My boy friend and his best friend had stopped in Portland on their way to San Francisco for the “Summer of Love.” It turns out that there is now a celebration of the 50th anniversary of that summer in 1967. Many people had responded to the idea to go to Haight Ashbury that summer, and there was even a song that went,”if you’re going to San Francisco, be sure to wear some flowers in your hair.”
I joined them for a visit and we went to see an act at the Fillmore West. The room was filled with “psychedelic” light effects. I was sitting near where they were originating, and it appeared someone had poured colored oil on glass and was tilting it around as light shone through it. The band was very very loud and the woman singer was screaming basically. That was my introduction to Janis Joplin and the Holding Company about whom I knew nothing.

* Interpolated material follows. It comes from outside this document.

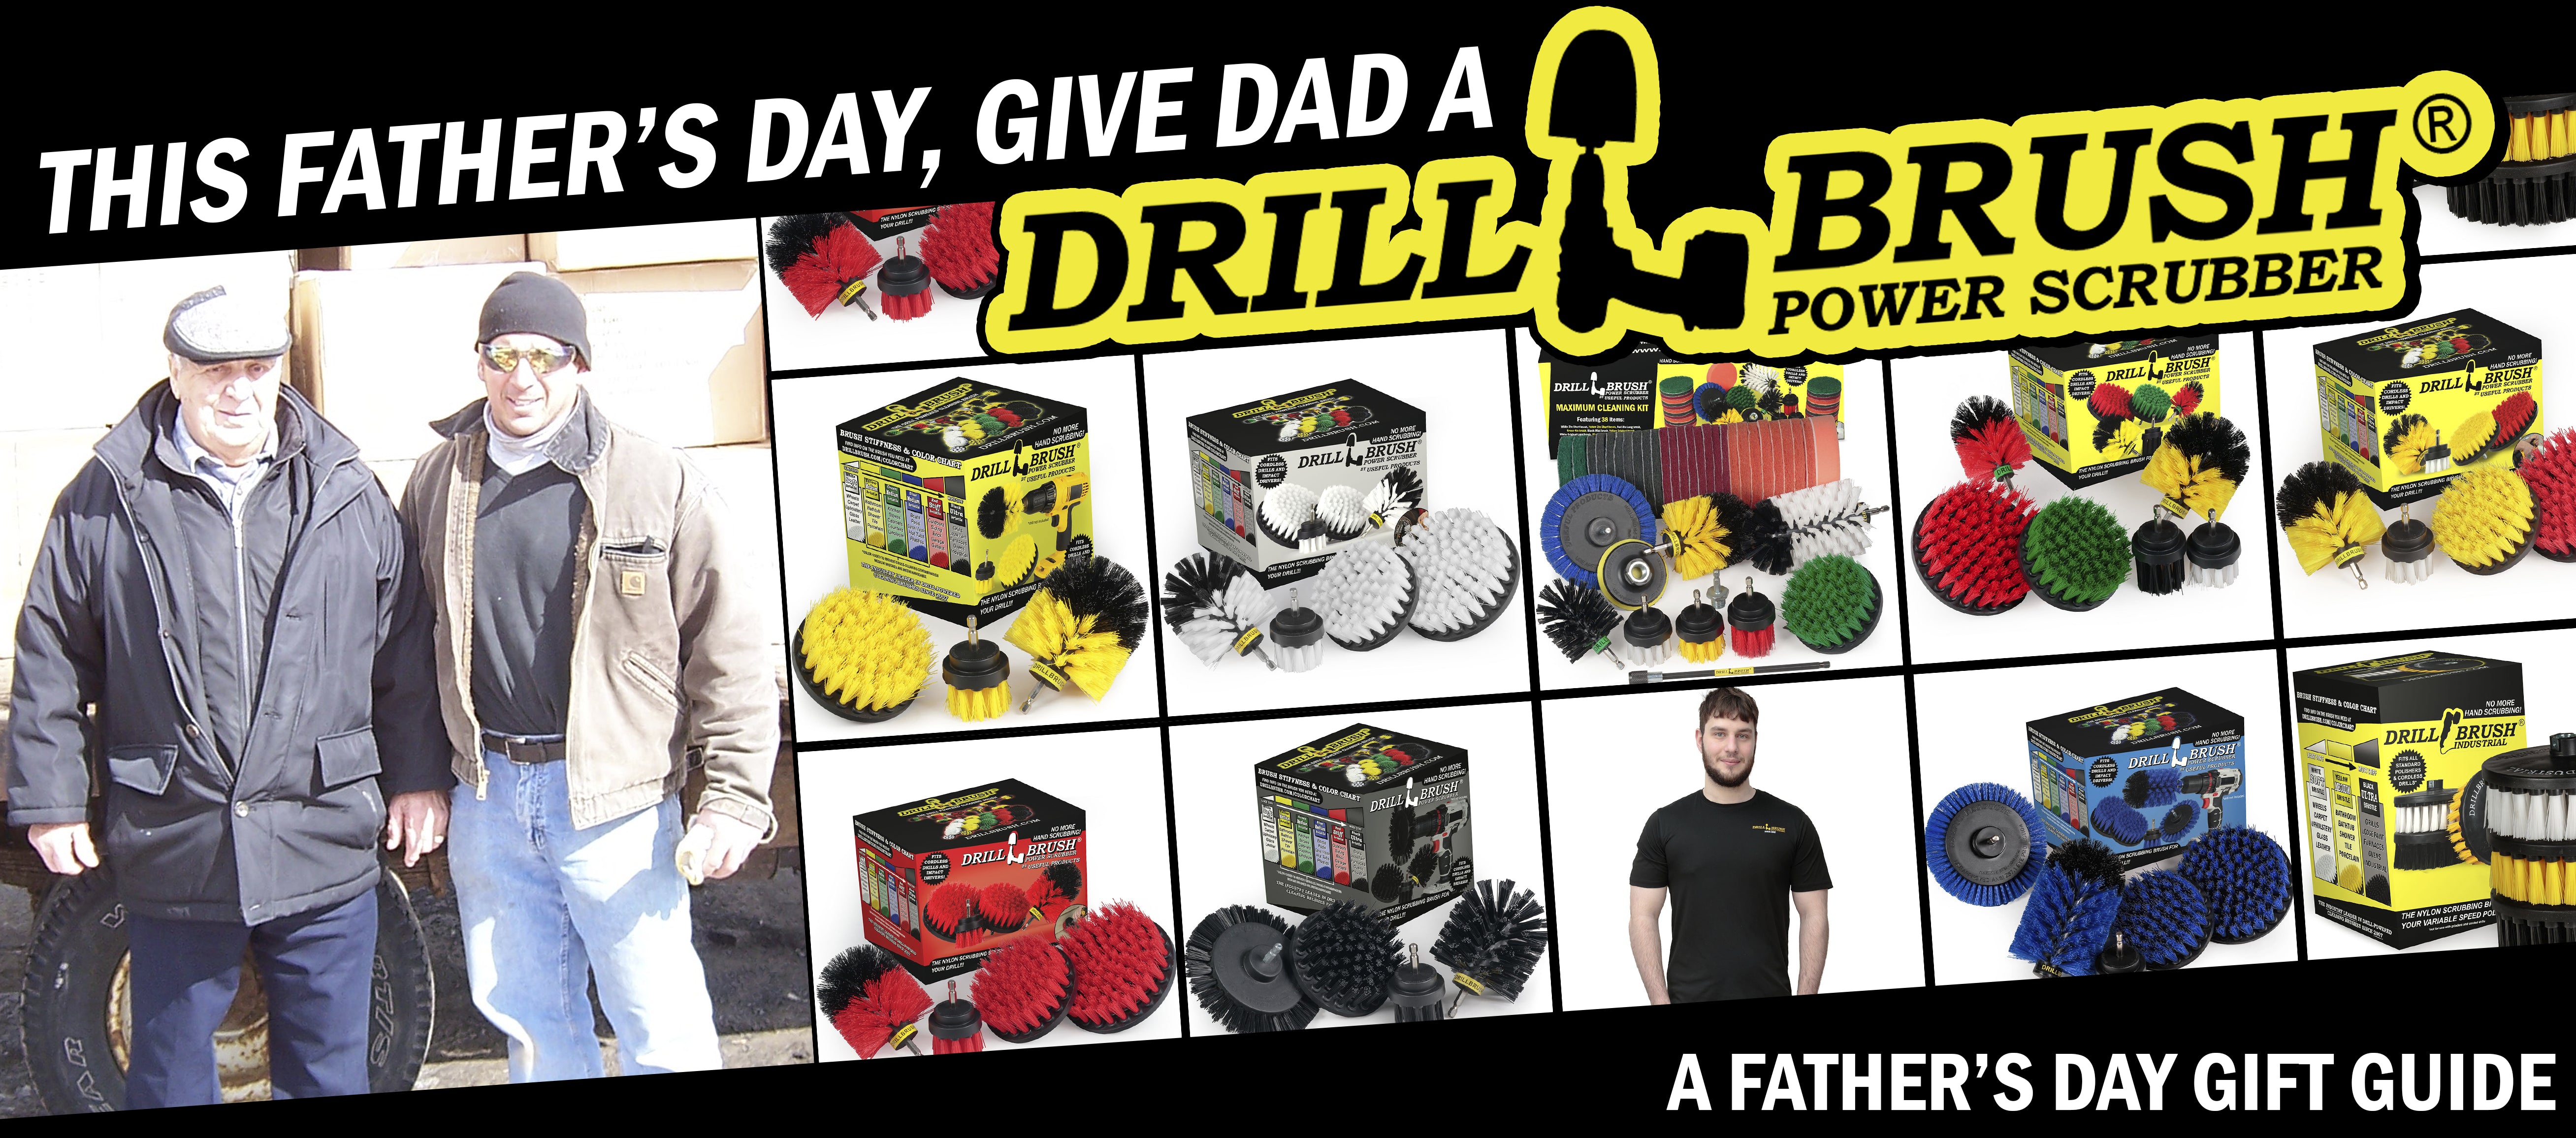 Drillbrush: The Perfect Father's Day Present! - A Drillbrush Gift Guide

The major problem I had in San Francisco was that I didn’t use drugs. Of any kind. Not pot, not LSD, not mescaline, not mushrooms, not peyote. I barely even drank. I had no objections to other people using, but I had a fragile enough grasp on reality that I was terrorized at the thought that I could lose it. I spent my time trying to stay grounded, not trying to leave my body.
As you might guess, this made me somewhat of a drag around my friends in San Francisco. It really highlighted a chasm between us. Not only did they love any kind of mind altering drugs, they were also very politically involved in anti-war activities. I was just trying hard to study and write papers. On the other hand, they were facing the draft and I wasn’t.
For several reasons, then, that summer brought an end to my romance. And by the time I returned to Cambridge, I was greeted on campus by my former roommate. She announced that since I had broken up with the man in August, they had gotten together in September. I was startled, but accepting. They shared a love of politics and of substances. Probably a better fit. But I had gotten to see Janis Joplin!